#### Collected data
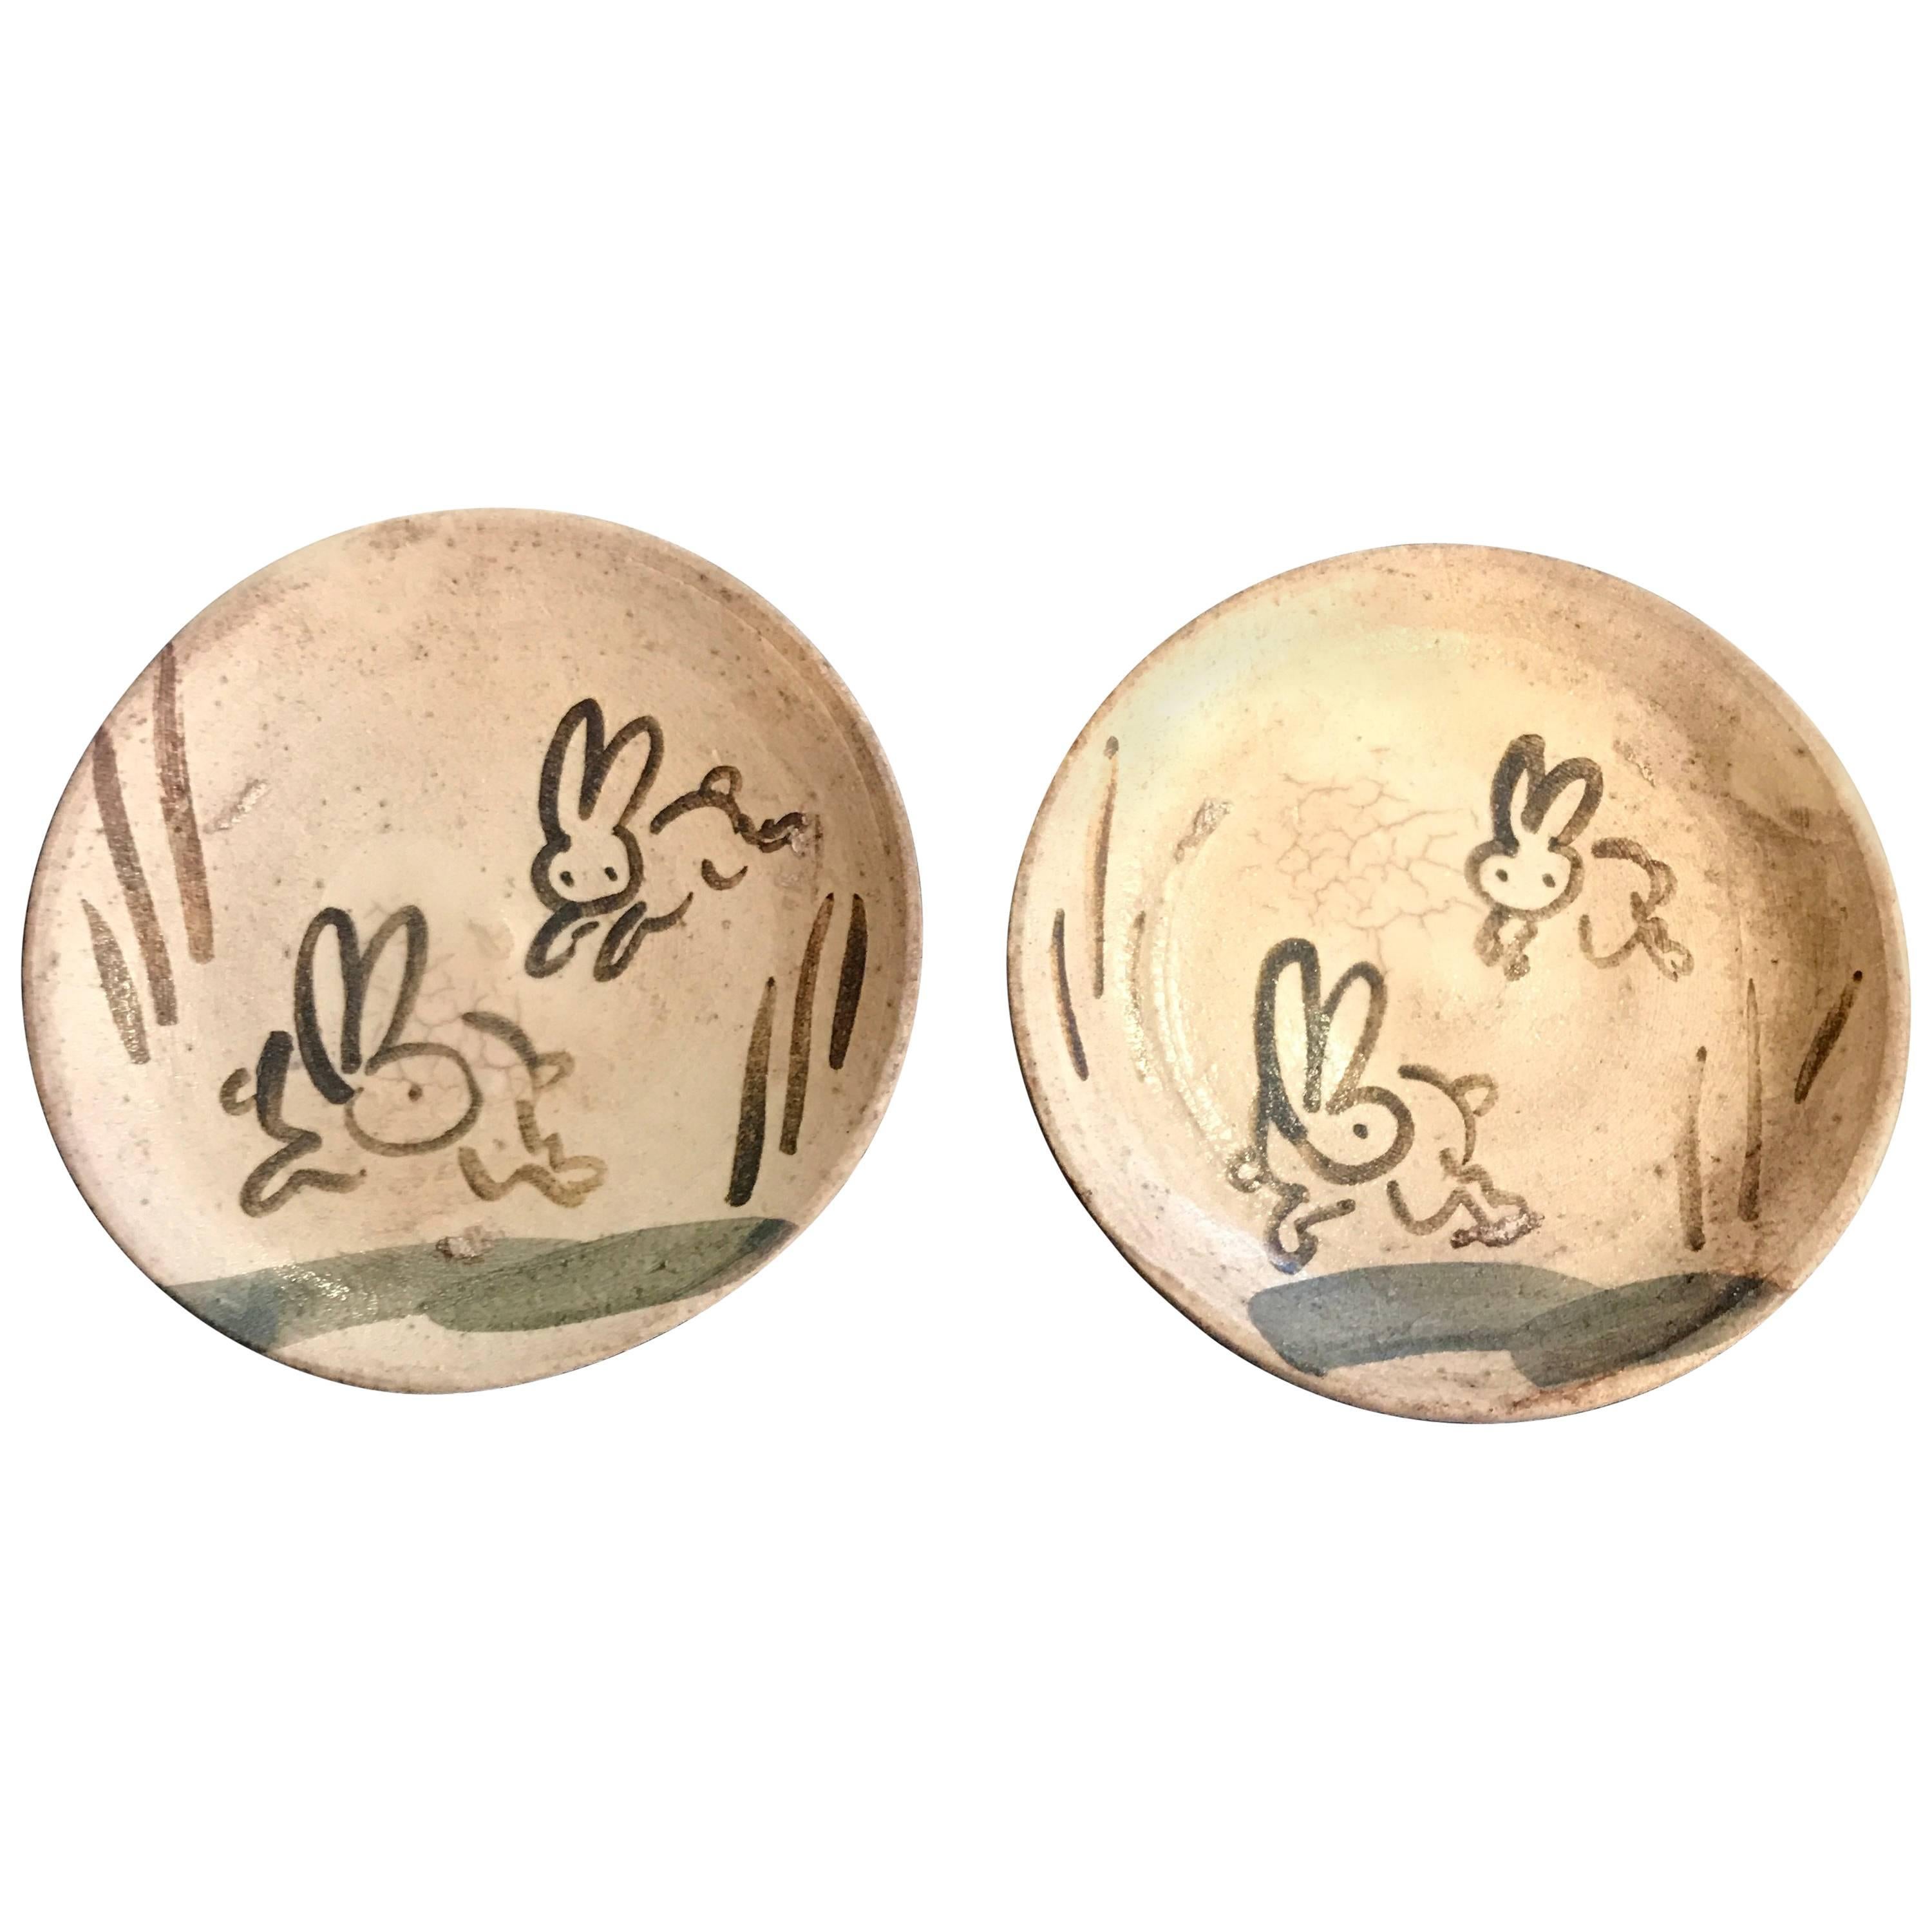 Old Japan Pair of Playful Rabbit Serving Plates Mint Condition
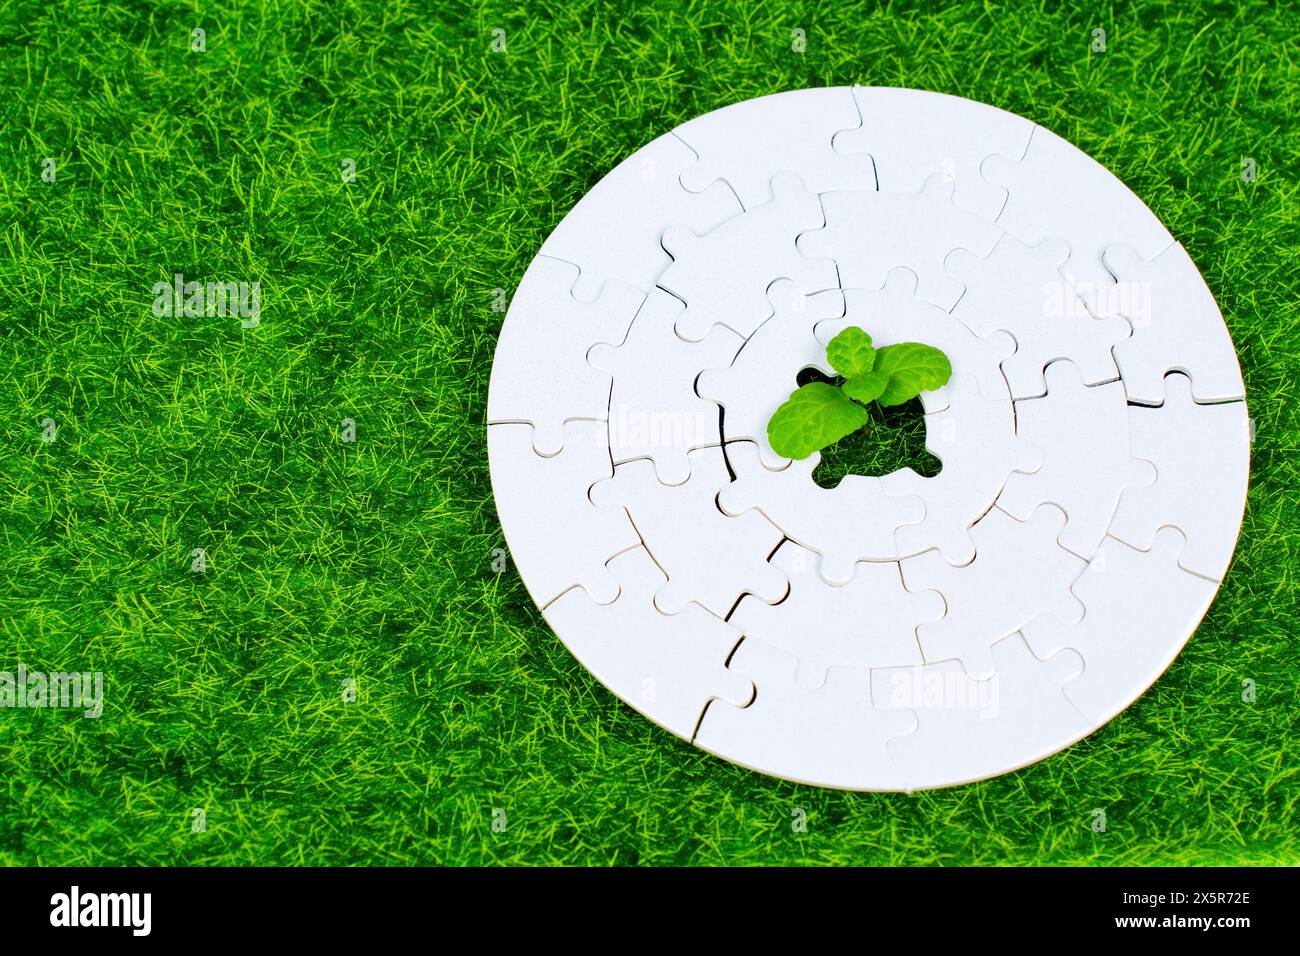 Fresh sprout breaks through a hole in the center of a blank jigsaw puzzle, placed on green lawn. Growth and development related concept. Stock Photo
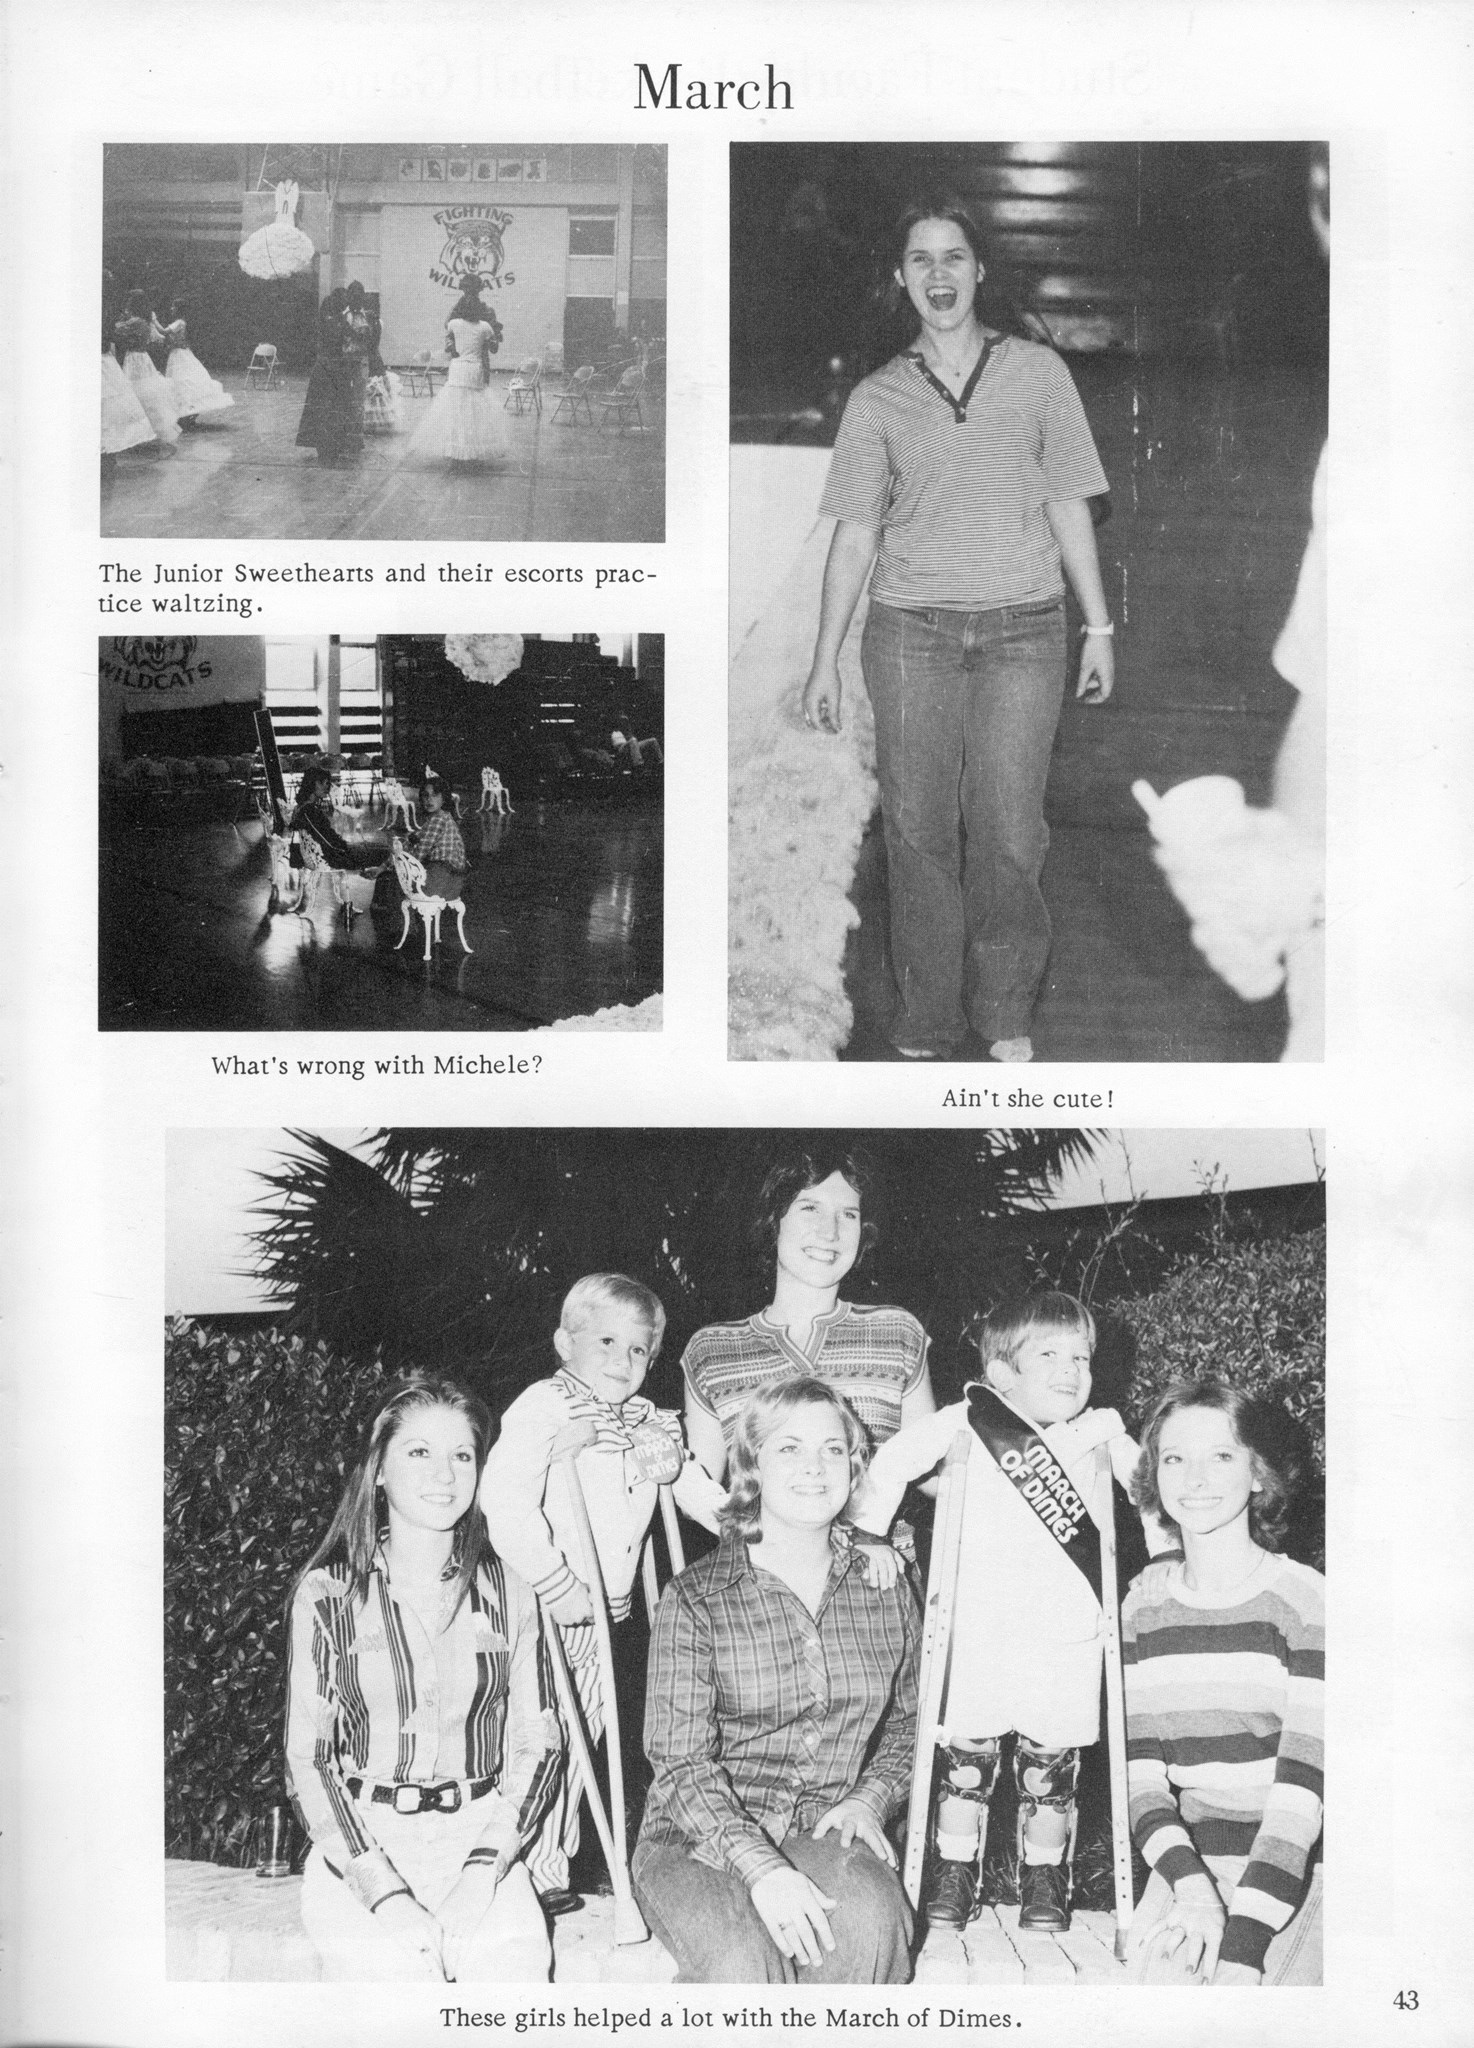 ../../../Images/Large/1977/Arclight-1977-pg0043.jpg

#### What is required
Quote all the lines above exactly as given. Do not include the pictures.

#### Your solution
 Old Japan Pair of Playful Rabbit Serving Plates Mint Condition
 Fresh sprout breaks through a hole in the center of a blank jigsaw puzzle, placed on green lawn. Growth and development related concept. Stock Photo
 ../../../Images/Large/1977/Arclight-1977-pg0043.jpg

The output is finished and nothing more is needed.